Friday, October 02, 2009

Anchor anger

Between getting the gist of earthquakes, captured terrorists, new members of the House of Representatives which looks more and more like a circus, and the endlessly frustrating mudik, I've been nothing but fine.

Let's jump to the latest issue that's been filling our brains for the past few days. The magnitude-7.6 tremor in Padang, feared to kill more than 1,000 people. Quite a statistic.

What bothers me the most is not the victims, really. Call me heartless, but oh well it just means their time on Earth's up. What I can't stand is the way local TV stations air the news like their main aim is not to inform people, but to entertain the audience with grief.

The more footage of crying people, the better.

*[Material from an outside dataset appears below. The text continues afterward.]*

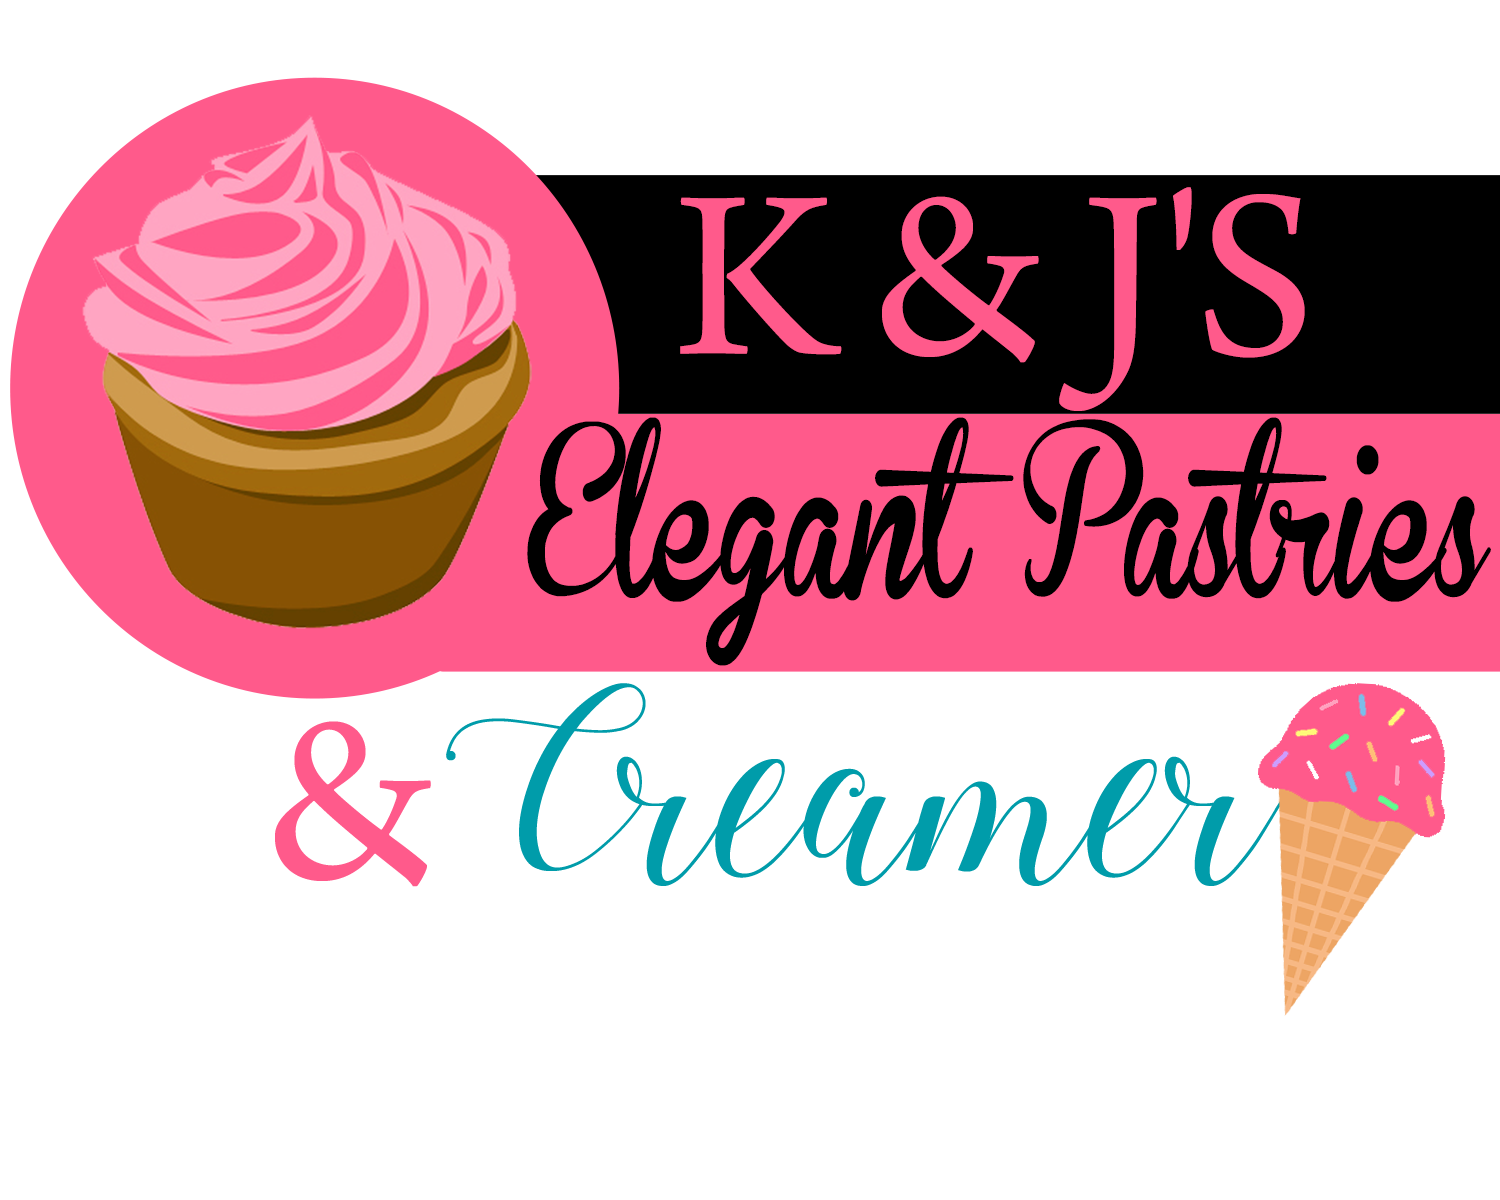 K&J's Elegant Pastries

I understand very much the term "bad news is good news." But it made me want to destroy my TV when a TV One anchor went live with a man in Padang whose daughter was trapped under a rubble of school building.

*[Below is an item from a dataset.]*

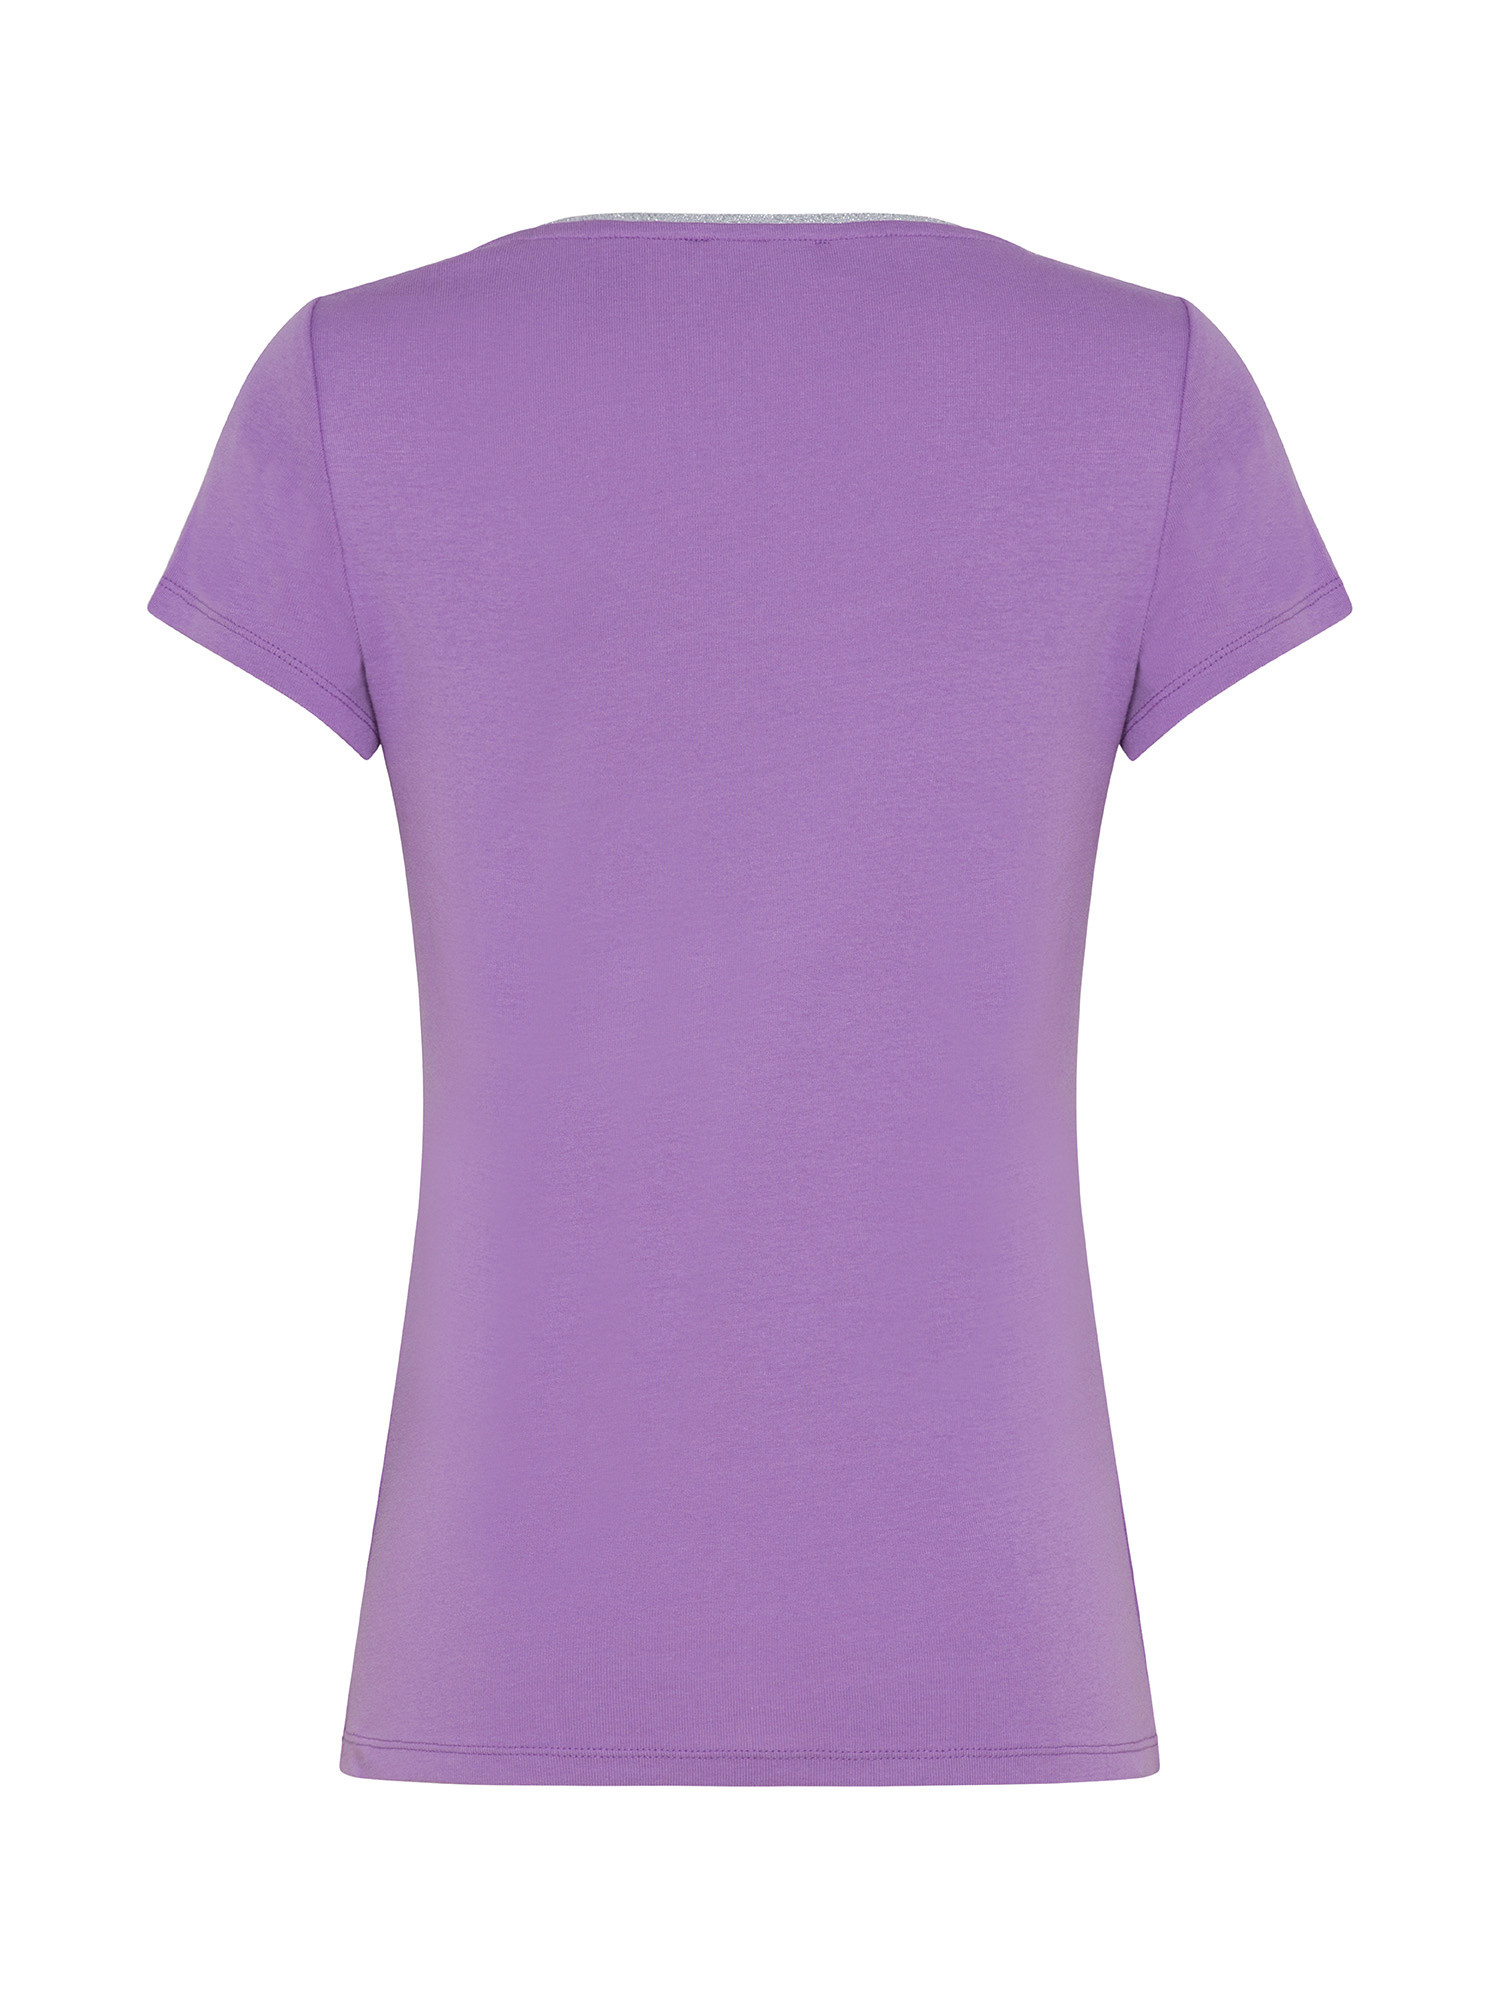 Koan - Cotton T-shirt with lurex, Purple Lilac, large image number 1

The two female anchors kept cornering him with questions they probably thought would get him in tears.

"How do you feel about the possibility of losing your daughter, Sir?"
"What was she wearing the last time you saw her?"
"Did she say anything at all that might have sent a bad sign?"
"What is your hope, Sir?"

And they kept going on and on and on, asking the same questions, only phrased differently. It's like a police interrogation. Luckily the guy seemed more patient and did not break down at all.

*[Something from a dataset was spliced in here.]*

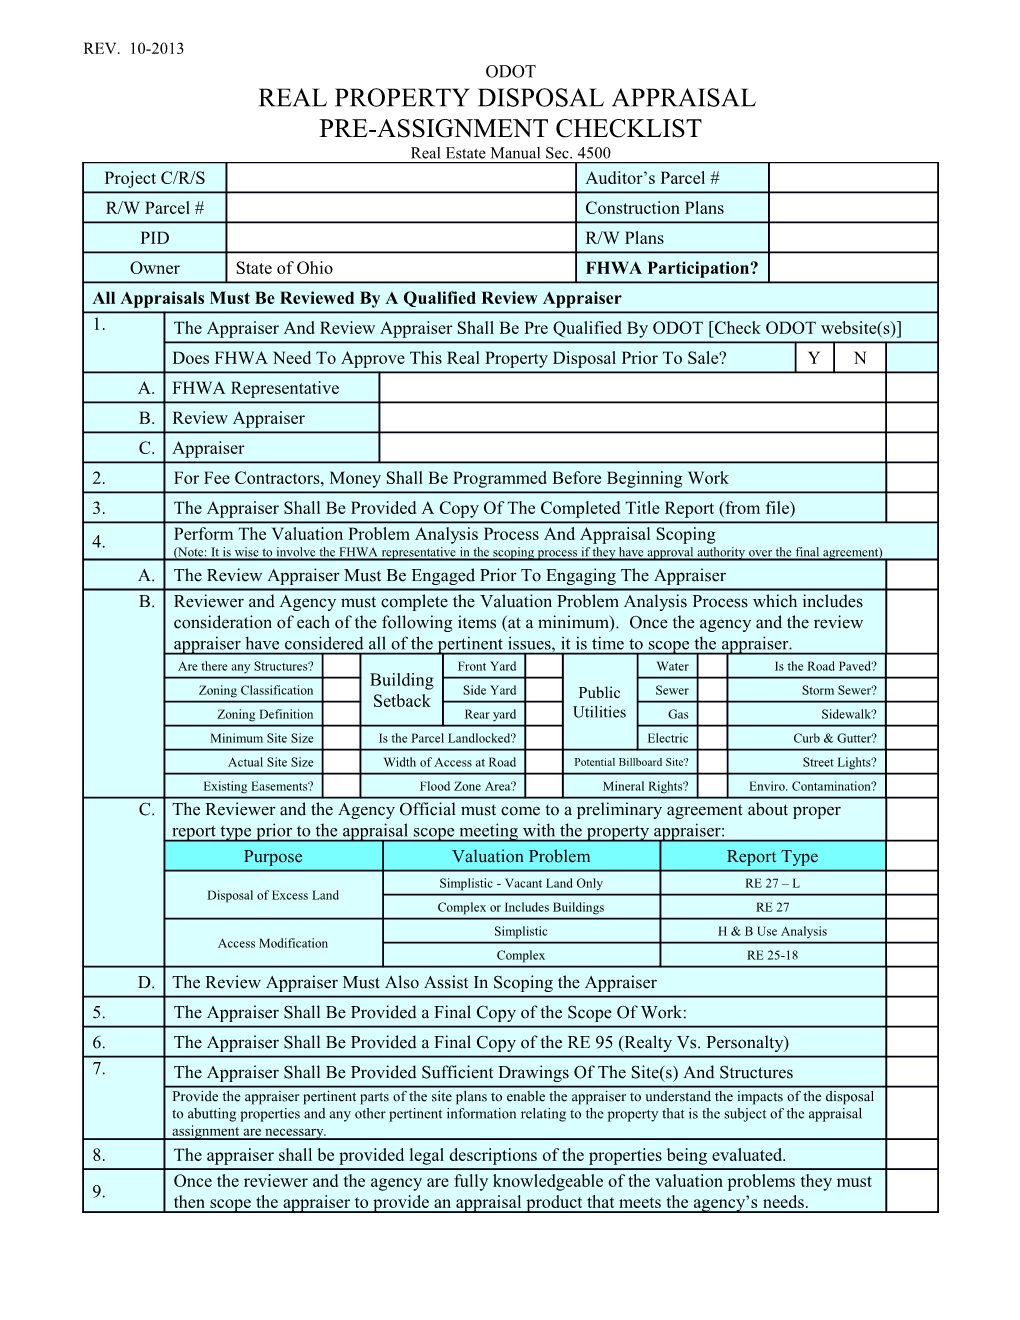 Disposal Appraisal Preassignment Checklist

Seriously, TV anchors. Made-up, Barbie-doll-like, TV anchors.

And let's not forget the footage loop. A foot sticking out of a rubble, people crying on the street. I get it the first time, but three days of those, backed by mellow songs?

Earthquakes are earthquakes. This country lies on the Ring of Fire, home to about 80 percent of the world's volcanoes and seismic activities. We're supposed to be prepared for quakes, not treat it as a big disease and just weep every time we lose thousands of people to it.